More complex queries:

{
  "query": {
    "bool": {
      "must": [
        {"nested": {
          "path": "user",
          "query": {
            "term": {
              "user.first": {
                "value": "Li"
              }
            }
          }
        }},
        {
          "nested": {
            "path": "user",
            "query": {
              "term": {
                "user.last": {
                  "value": "Wang"
                }
              }
            }
          }
        }
      ]
    }
  }
}

1.6 Supplement: Array Query and Testing

Add an index:

PUT my_index2
{
  "mappings": {
    "my_type2":{
      "properties": {
        "message":{
          "type": "text"
        },
        "keywords":{
          "type": "keyword"
        }
      }
    }
  }
}

Add data:

PUT /my_index2/my_type/1
{
  "message":"keywords test1",
  "keywords":["Beauty","Comic","Film"]
}

PUT /my_index2/my_type/2
{
  "message":"keywords test2",
  "keywords":["Film","Beauty makeup","Advertisement"]
}

Search:

{
  "query": {
    "term": {
      "keywords": "advertising"
    }
  }
}

Note1: Note that when setting the field type, keywords Set to keyword,So use term Queries can match exactly, but set to text,Not necessarily - if you add a word segmentation, you can search; if not, you use the default word segmentation, just divide it into one word, it will not be searched. This is especially noticeable.

Note2: For array fields, it is also possible to do barrel aggregation. When doing barrel aggregation, each value will be grouped as a value, not as a whole array. You can use the above test, but it should be noted that the field type can not be as follows text,Otherwise, the aggregation will fail.

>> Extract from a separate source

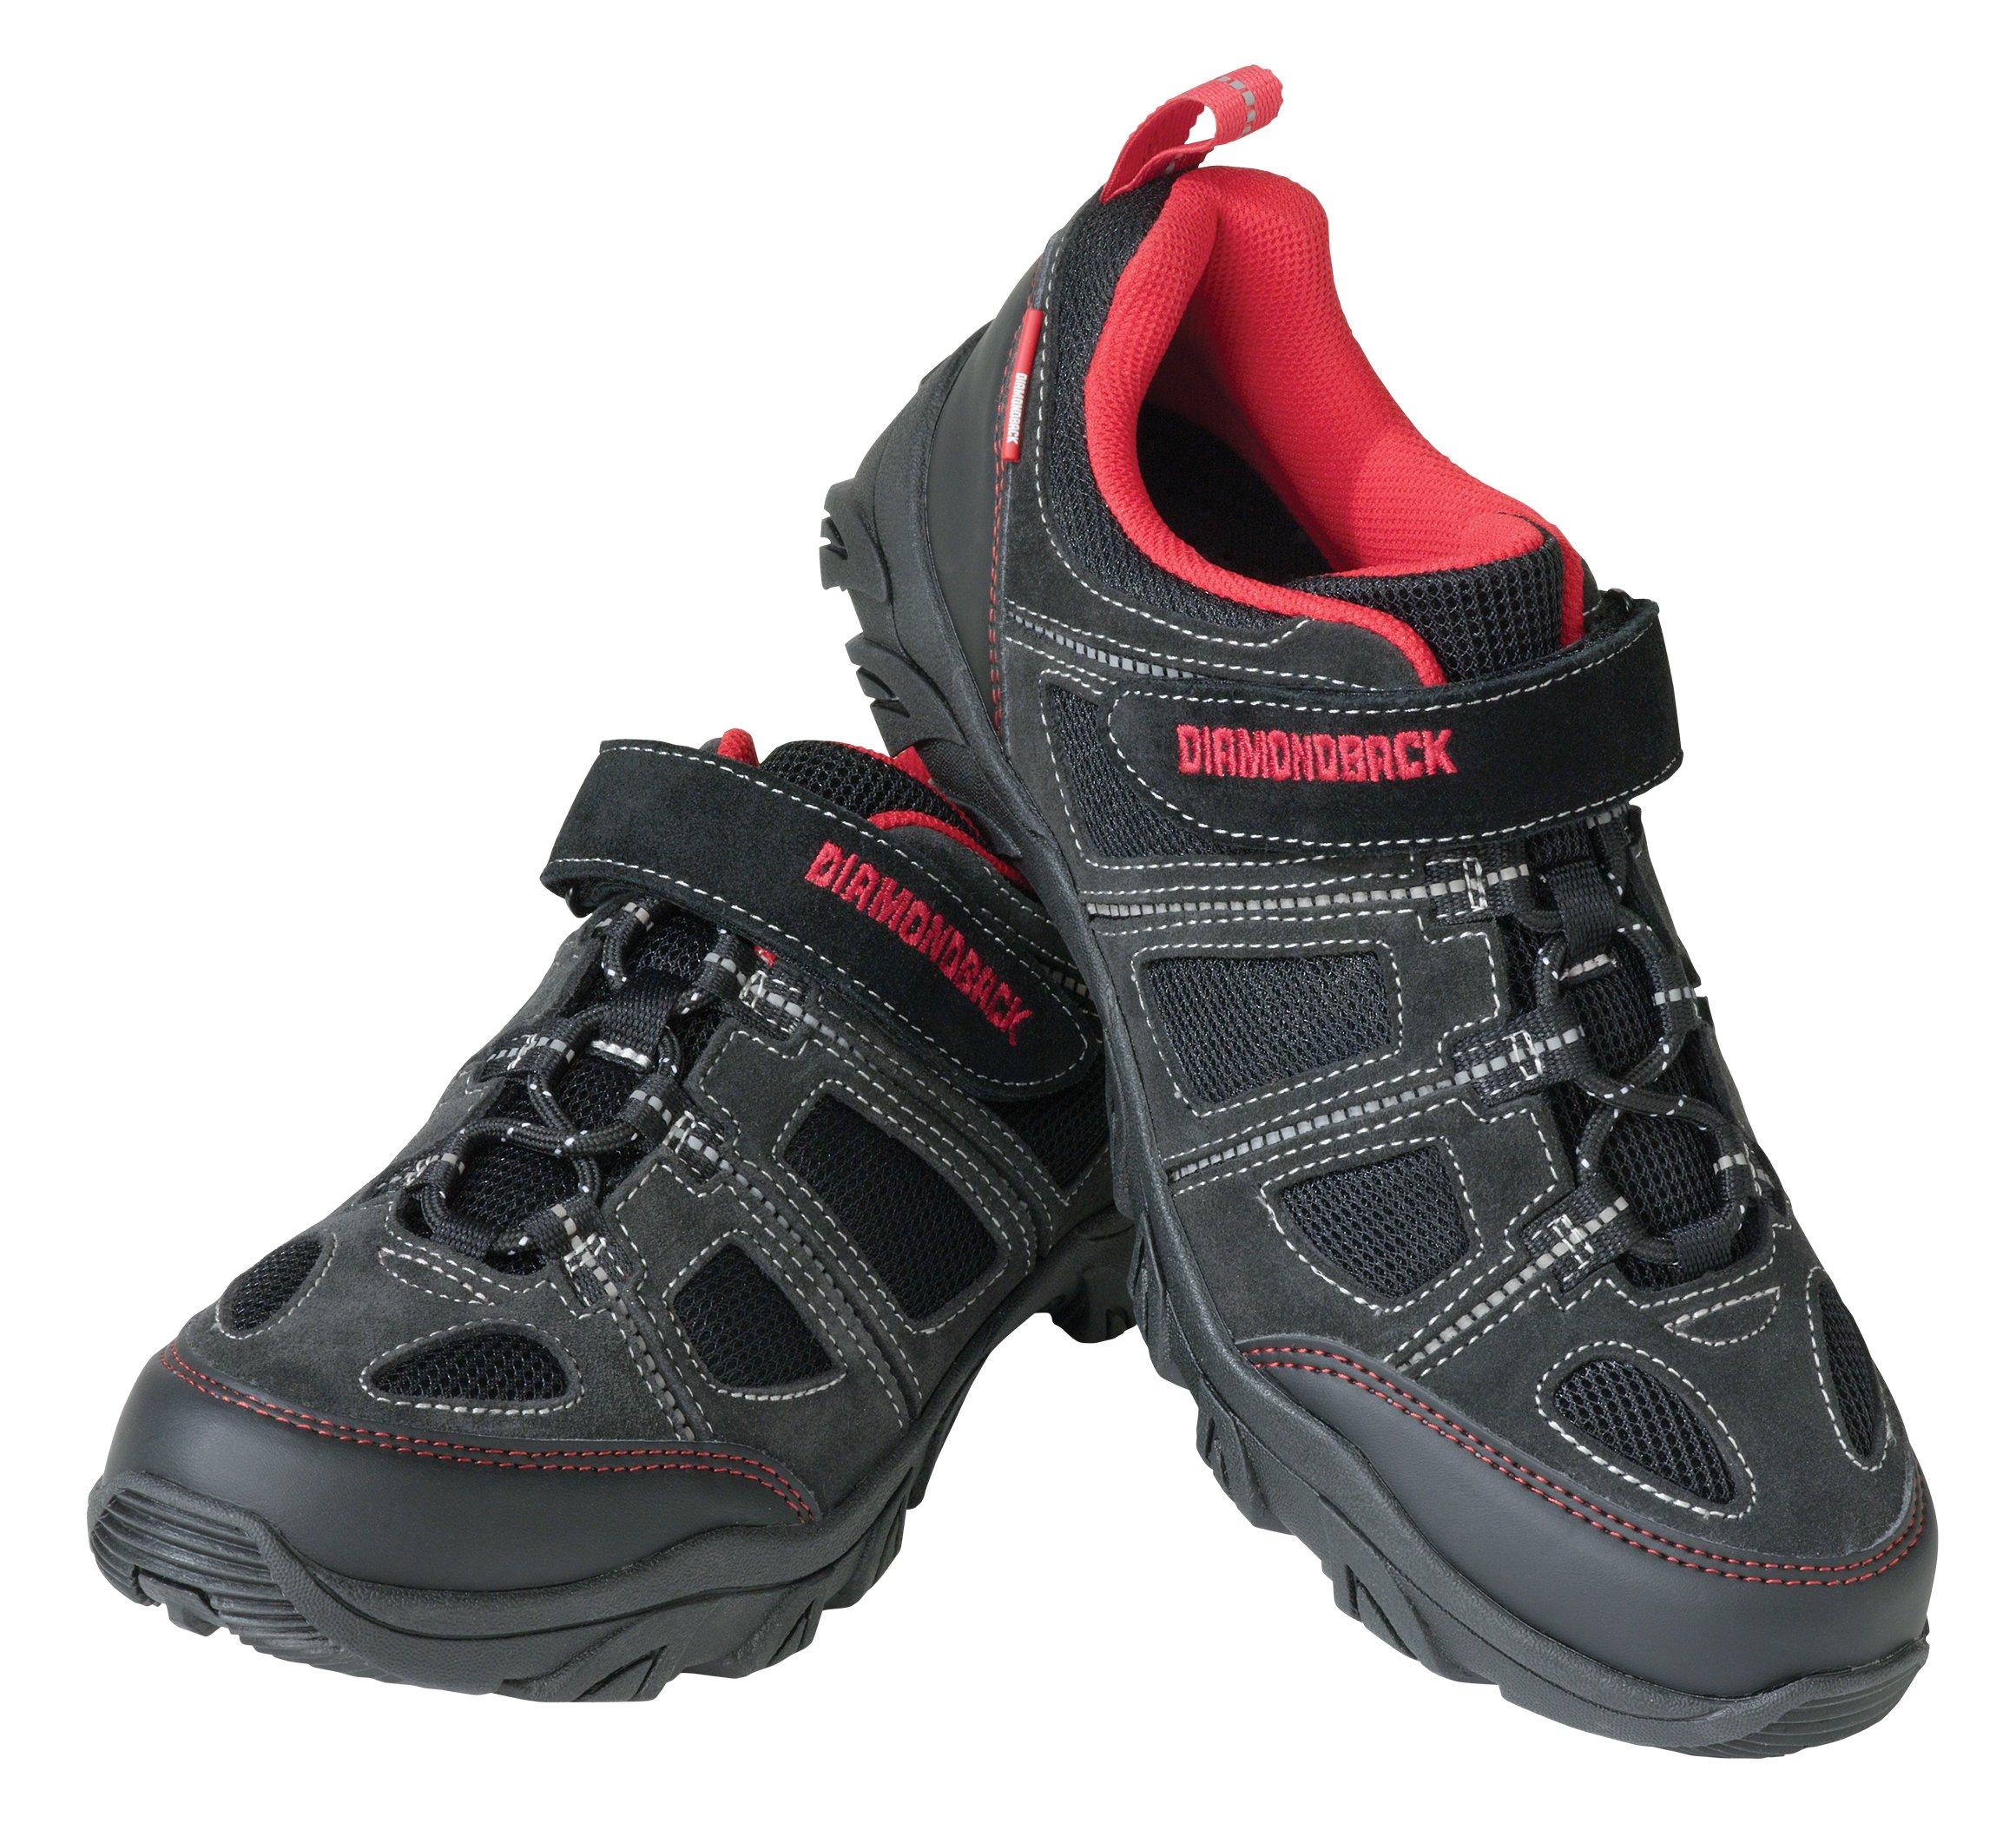 Diamondback Men's Trace Clipless Pedal Compatible Cycling Shoe, Size 45 EU/11-11.5 US by Diamondback

Note3: Therefore, according to the above suggestion, pure arrays are generally suitable for storing label class data, as in the case above, and the field type is set to keyword,Instead of text,It's good to match exactly when searching.

2 polymerization

2.1 Index Polymerization

The aggregation function equivalent to MySQL.

max

{
  "size": 0,
  "aggs": {
    "max_id": {
      "max": {
        "field": "id"
      }
    }
  }
}

size If not set to 0, all other data will be returned in addition to the aggregated results.

min

{
  "size": 0,
  "aggs": {
    "min_id": {
      "min": {
        "field": "id"
      }
    }
  }
}

avg

{
  "size": 0,
  "aggs": {
    "avg_id": {
      "avg": {
        "field": "id"
      }
    }
  }
}

sum

{
  "size": 0,
  "aggs": {
    "sum_id": {
      "sum": {
        "field": "id"
      }
    }
  }
}

stats

{
  "size": 0,
  "aggs": {
    "stats_id": {
      "stats": {
        "field": "id"
      }
    }
  }
}

2.2 Barrel Polymerization

Equivalent to the group by operation of MySQL, so don't try to bucket aggregation of text fields in es, otherwise it will fail.

Terms

It is equivalent to grouping queries, aggregating according to fields.

{
  "size": 0,
  "aggs": {
    "per_count": {
      "terms": {
        "size":100,
        "field": "vtype",
        "min_doc_count":1
      }
    }
  }
}

In the process of barrel polymerization, index aggregation can also be carried out, which is equivalent to mysql doing group by, then doing various max, min, avg, sum, stats and so on:

{
  "size": 0,
  "aggs": {
    "per_count": {
      "terms": {
        "field": "vtype"
      },
      "aggs": {
        "stats_follower": {
          "stats": {
            "field": "realFollowerCount"
          }
        }
      }
    }
  }
}

Filter

MySQL filters the results according to where conditions, and then does various max, min, avg, sum, stats operations.

{
  "size": 0,
  "aggs": {
    "gender_1_follower": {
      "filter": {
        "term": {
          "gender": 1
        }
      },
      "aggs": {
        "stats_follower": {
          "stats": {
            "field": "realFollowerCount"
          }
        }
      }
    }
  }
}

The aggregation operation above is equivalent to querying each indicator of gender 1.

Filters

On the basis of Filter, we can query the individualized indices of multiple fields, that is, aggregate indices for each query result.

{
  "size": 0,
  "aggs": {
    "gender_1_2_follower": {
      "filters": {
        "filters": [
          {
            "term": {
              "gender": 1
            }
          },
          {
            "term": {
              "gender": 2
            }
          }
        ]
      },
      "aggs": {
        "stats_follower": {
          "stats": {
            "field": "realFollowerCount"
          }
        }
      }
    }
  }
}

Range

{
  "size": 0,
  "aggs": {
    "follower_ranges": {
      "range": {
        "field": "realFollowerCount",
        "ranges": [
          {
            "to": 500
          },
          {
            "from": 500,
            "to": 1000
          },
          {
            "from": 1000,
            "to": 1500
          },
          {
            "from": "1500",
            "to": 2000
          },
          {
            "from": 2000
          }
        ]
      }
    }
  }
}

to: Less than from: Greater than or equal to

Date Range

Similar to the previous one, only the field is of date type, and then the range value is also of date.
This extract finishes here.